## [Data provided]
★ ★ ★

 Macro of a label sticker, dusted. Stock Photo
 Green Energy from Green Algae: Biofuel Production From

★ ★ ★

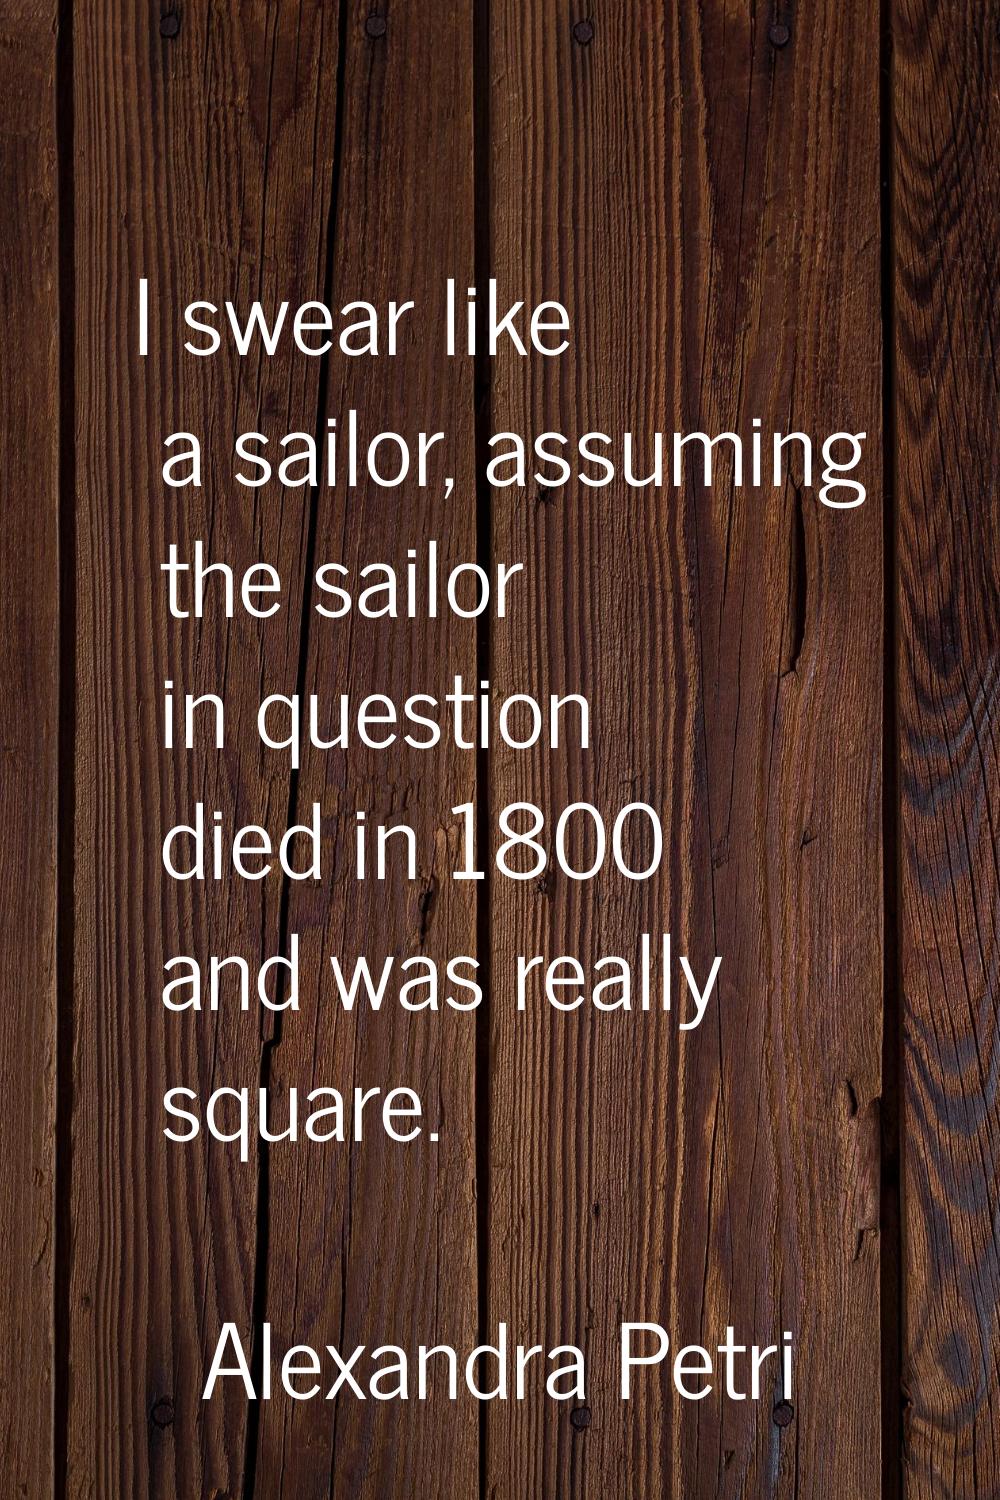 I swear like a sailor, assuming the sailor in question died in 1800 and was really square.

★ ★ ★

## [Task details]
Please make an exact copy of the lines above from the line with "Macro of a label" through the line with "Green Energy from", both ends included.

## [Response area]
 Macro of a label sticker, dusted. Stock Photo
 Green Energy from Green Algae: Biofuel Production From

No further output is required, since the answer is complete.